### Data extract
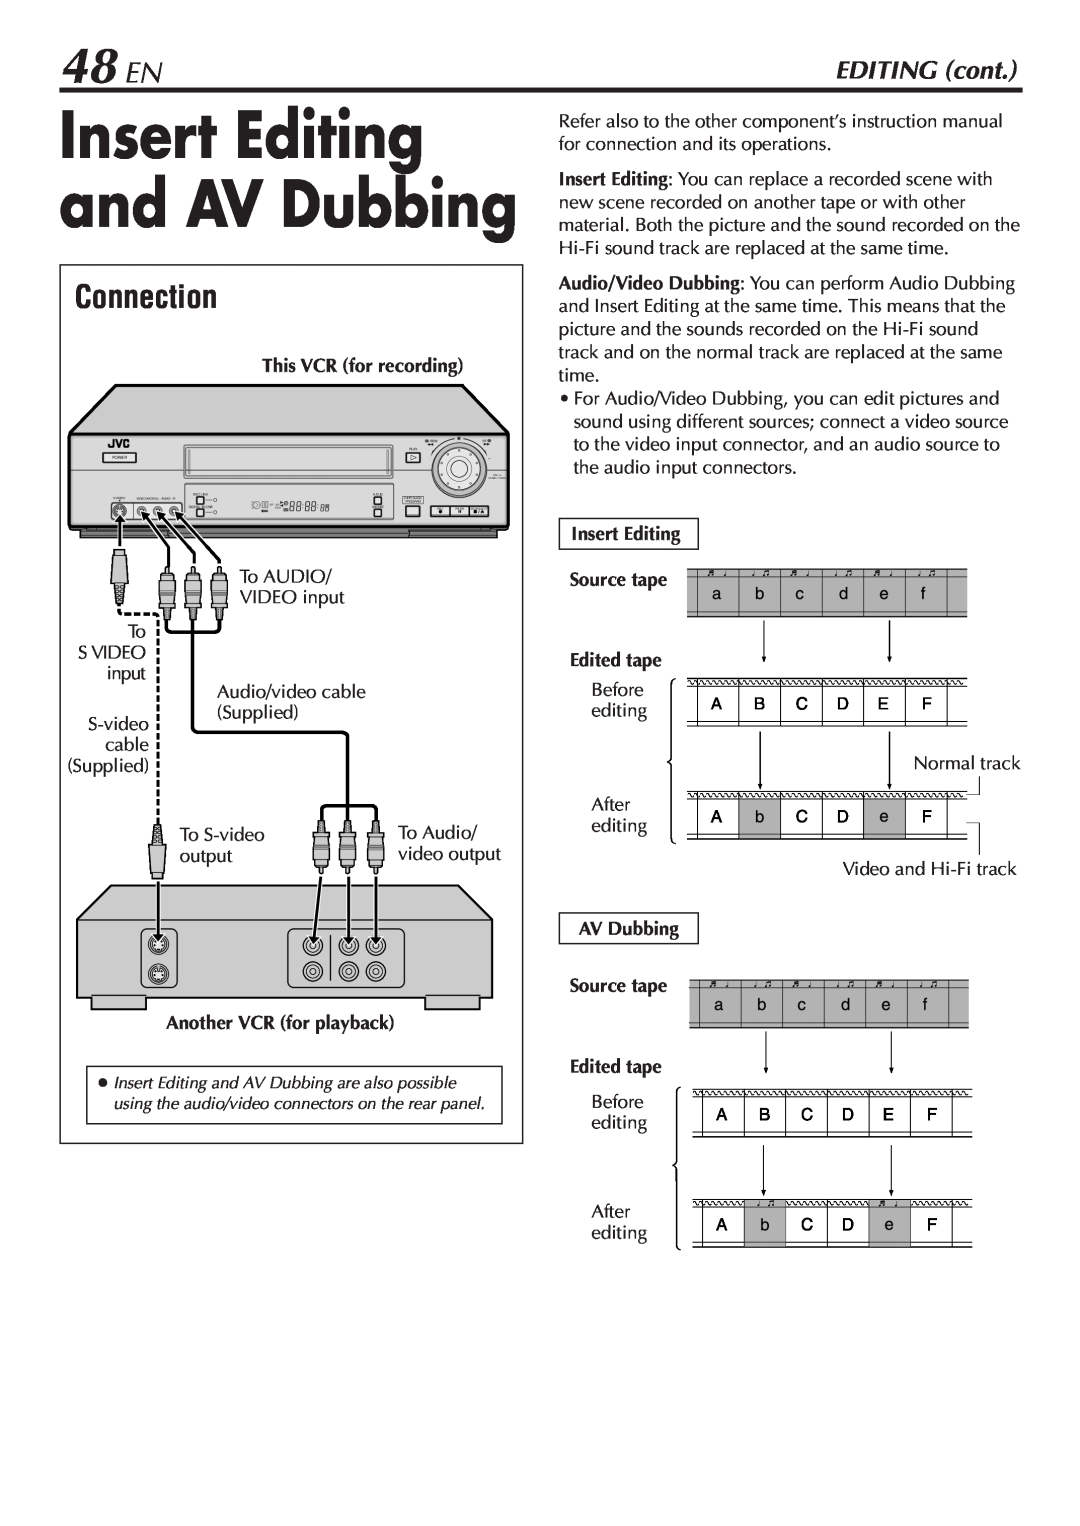 JVC SR-V10U manual 48 EN, Insert Editing and AV Dubbing, Connection, EDITING cont 
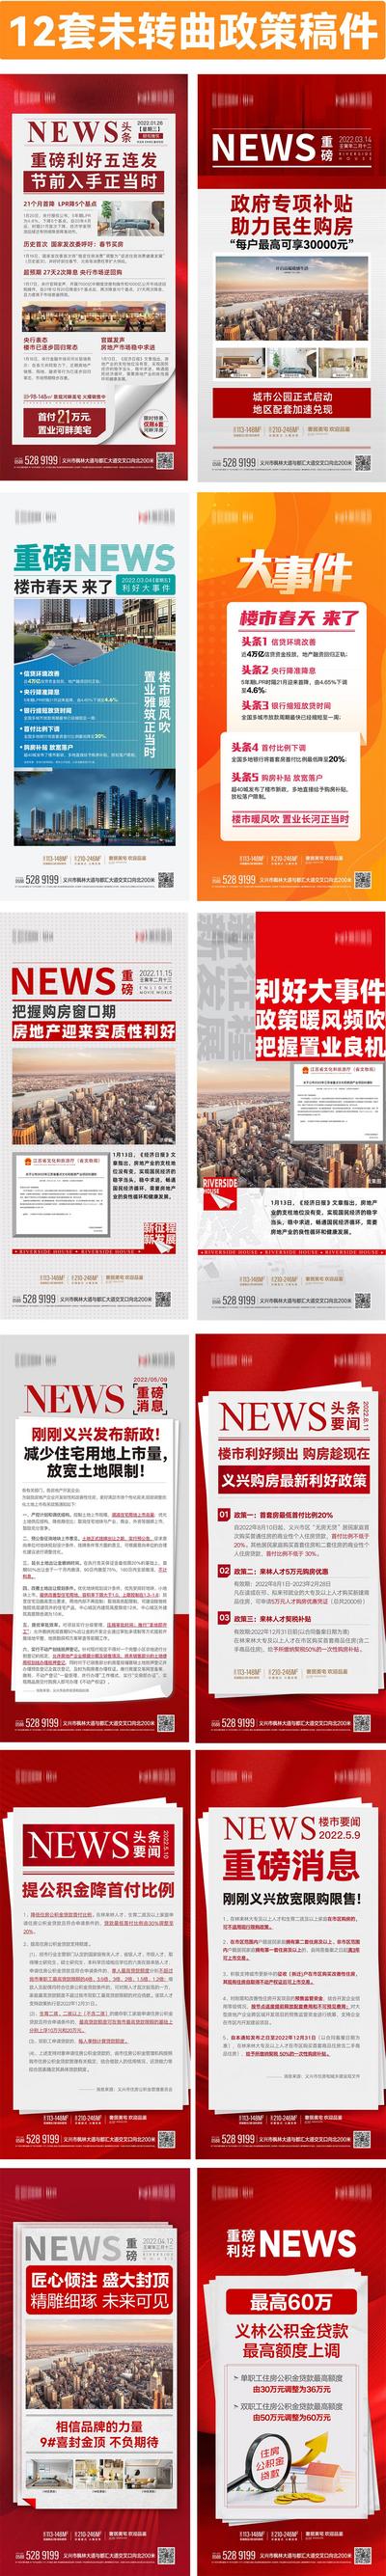 南门网 海报 房地产 重磅消息 新闻 大事件 政策 利好 快讯 资讯
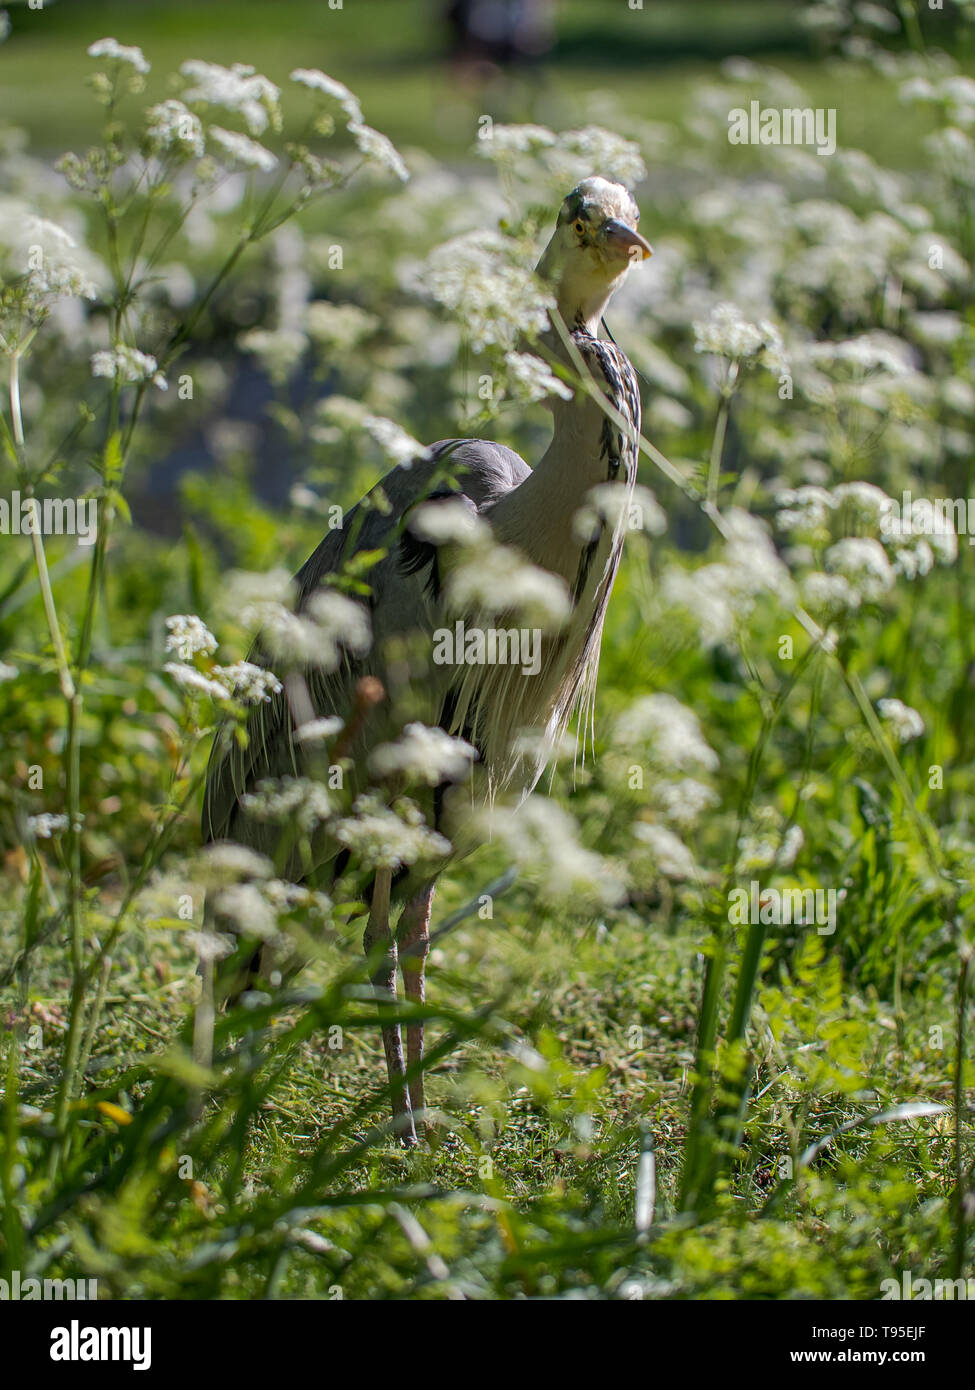 Un Airone cinerino (Ardea cinerea) attende dal lato di una via d'acqua su un giorno d'estate in London Regents Park, Regno Unito. Foto Stock
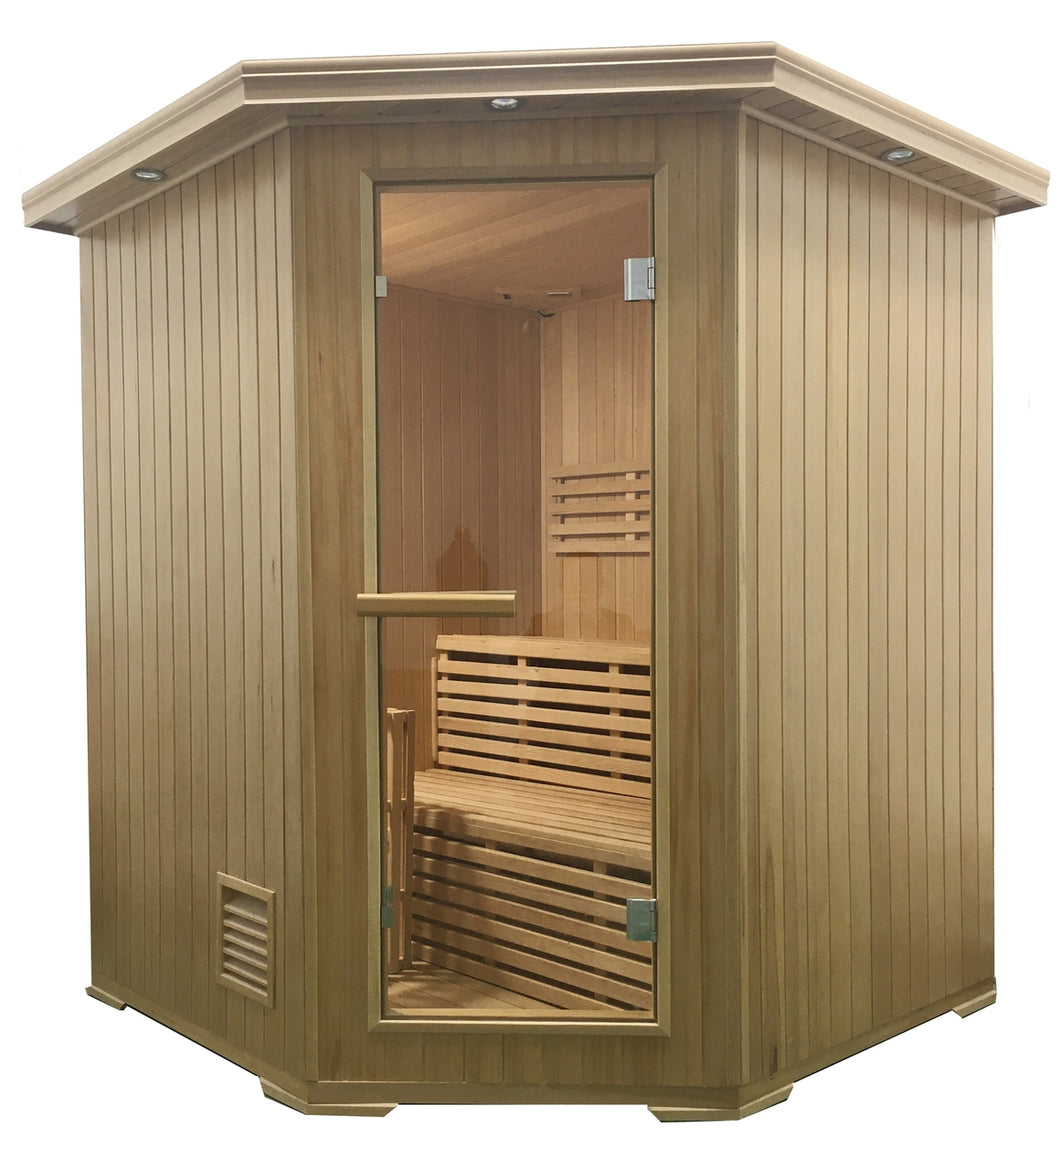 Canadian Hemlock Wet Dry Indoor Sauna - 4.5 kW ETL Certified Heater - 4 Person

### Exercise brief
Up to and including the line containing "Un Airone cinerino", repeat every line from the start of the data, but none of the pictures.

### Task output
 JVC SR-V10U manual 48 EN, Insert Editing and AV Dubbing, Connection, EDITING cont 
 南门网 海报 房地产 重磅消息 新闻 大事件 政策 利好 快讯 资讯
 Un Airone cinerino (Ardea cinerea) attende dal lato di una via d'acqua su un giorno d'estate in London Regents Park, Regno Unito. Foto Stock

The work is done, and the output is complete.